Fiberglass fence poles. Find them in the garden and farming section of your local store. You will find 4-6ft lengths of different diameters.


----------



## unloaded (Jan 11, 2010)

You can find fiberglass tentpoles at Walmart or camping stores. For the fence poles you can get them at Home Depot, Lowes, Tractor Supply etc. If you checkout Iceman's video for making shooting sticks you can see the ones we are talking about. I think he even mentions the price in the video, they are cheap. I think they'd actually work better. Most of the tentpoles are jointed and maybe too short of sections. I'll try to find you a link to the video.

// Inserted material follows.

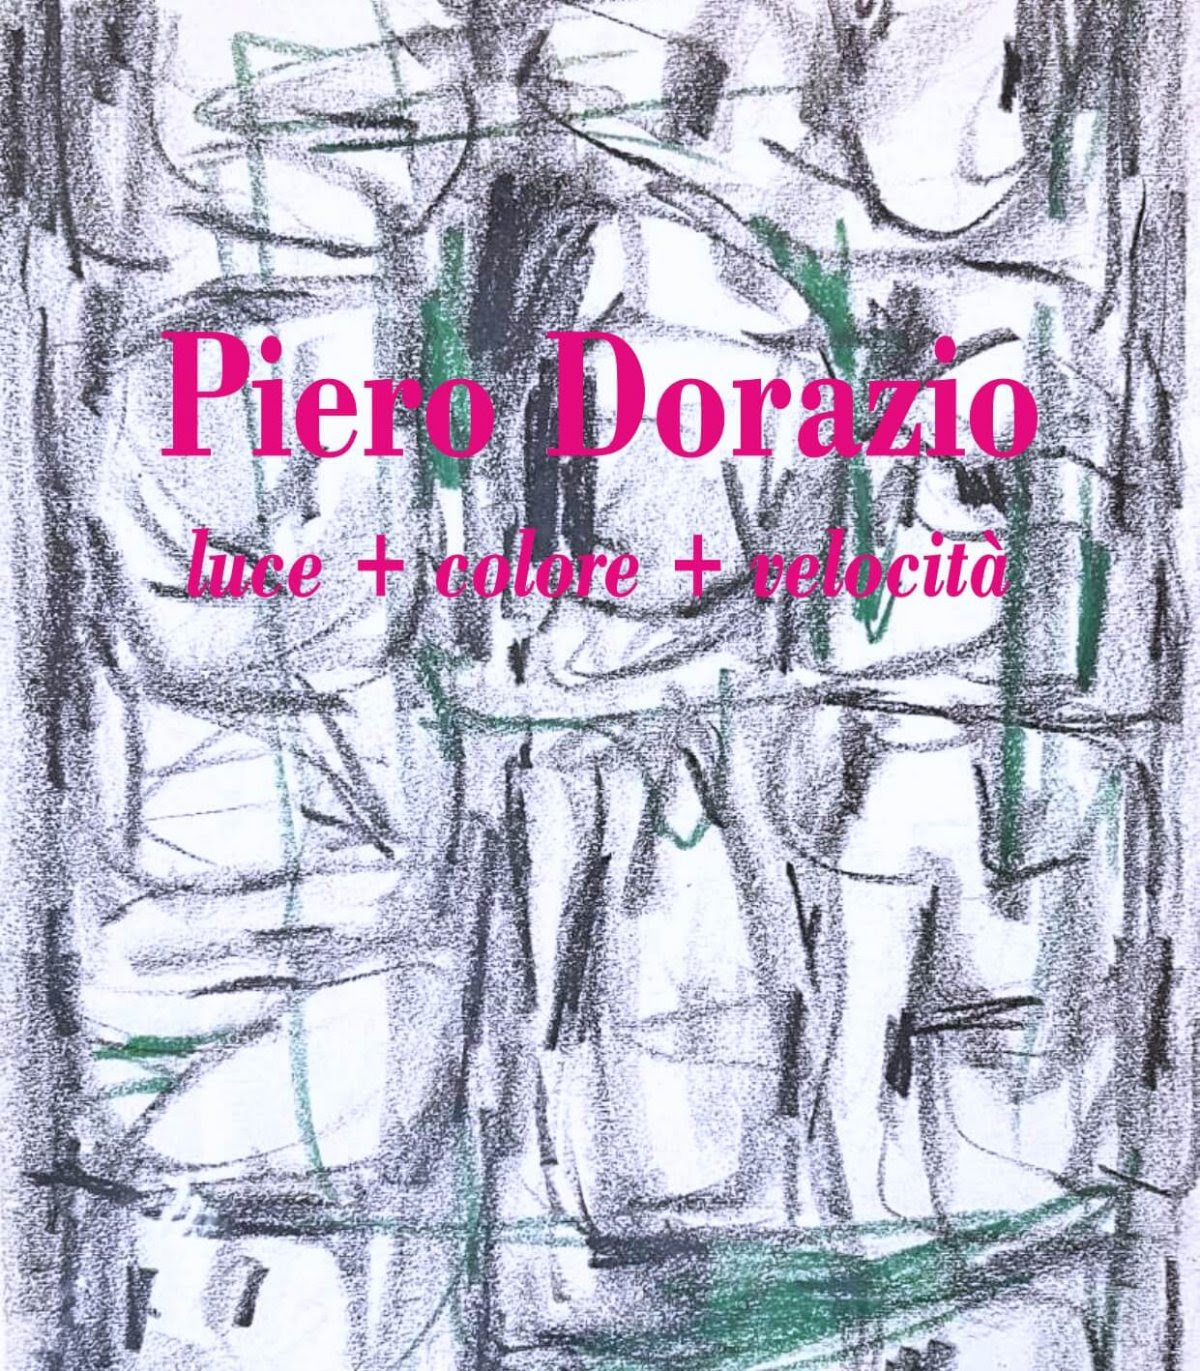 Piero Dorazio - Luce + Colore + Velocità

Here's the link, he might have said they are tomato stakes couldn't hear, my boys are being rowdy:
http://www.youtube.com/watch?v=B6-_1yLMPmw


peace.
unloaded


----------



## NYWhitetail (Feb 6, 2009)

unloaded said:


> You can find fiberglass tentpoles at Walmart or camping stores. For the fence poles you can get them at Home Depot, Lowes, Tractor Supply etc. If you checkout Iceman's video for making shooting sticks you can see the ones we are talking about. I think he even mentions the price in the video, they are cheap. I think they'd actually work better. Most of the tentpoles are jointed and maybe too short of sections. I'll try to find you a link to the video.
> 
> Here's the link, he might have said they are tomato stakes couldn't hear, my boys are being rowdy:
> http://www.youtube.com/watch?v=B6-_1yLMPmw
> ...


I used some fiberglass chimney cleaning poles. I think I got mine from harbor freight.


----------



## lc12 (Jul 30, 2009)

If you are going to leave it out and not worrying about setting it up, just use some electrical conduit and use a bender to make it fit inside your blind.
Or you can purchase the connectors (tees, elbows, ninetys, etc.) and assemble it in the field.
Pretty cheap, and will not cave in like the fiberglass rods!


----------



## animal killer (Sep 16, 2009)

just go and buy the same blind...take the new blind out of the package, put the old one back in the box. wait about a week and take it back to cableas. say that it broke the first time you wanted to put it together. problem solved.


----------



## shrough (Aug 3, 2010)

If you go with PVC, either go with the stuff made for electrical (grey in color) or make sure it is out of the sun. Sunlight degrades PVC.


----------



## BlkIce (Apr 16, 2008)

animal killer said:


> just go and buy the same blind...take the new blind out of the package, put the old one back in the box. wait about a week and take it back to cableas. say that it broke the first time you wanted to put it together. problem solved.


Some of us call that stealing... Sounds like bad upbringing to me.:sad:


----------



## animal killer (Sep 16, 2009)

i was joking...but i know ppl who have done that...i have tried to repair one of my "hubs" in my blinds with rubber tubing. works for awhile but needs to be replaced every year.


----------



## lc12 (Jul 30, 2009)

shrough said:


> If you go with PVC, either go with the stuff made for electrical (grey in color) or make sure it is out of the sun. Sunlight degrades PVC.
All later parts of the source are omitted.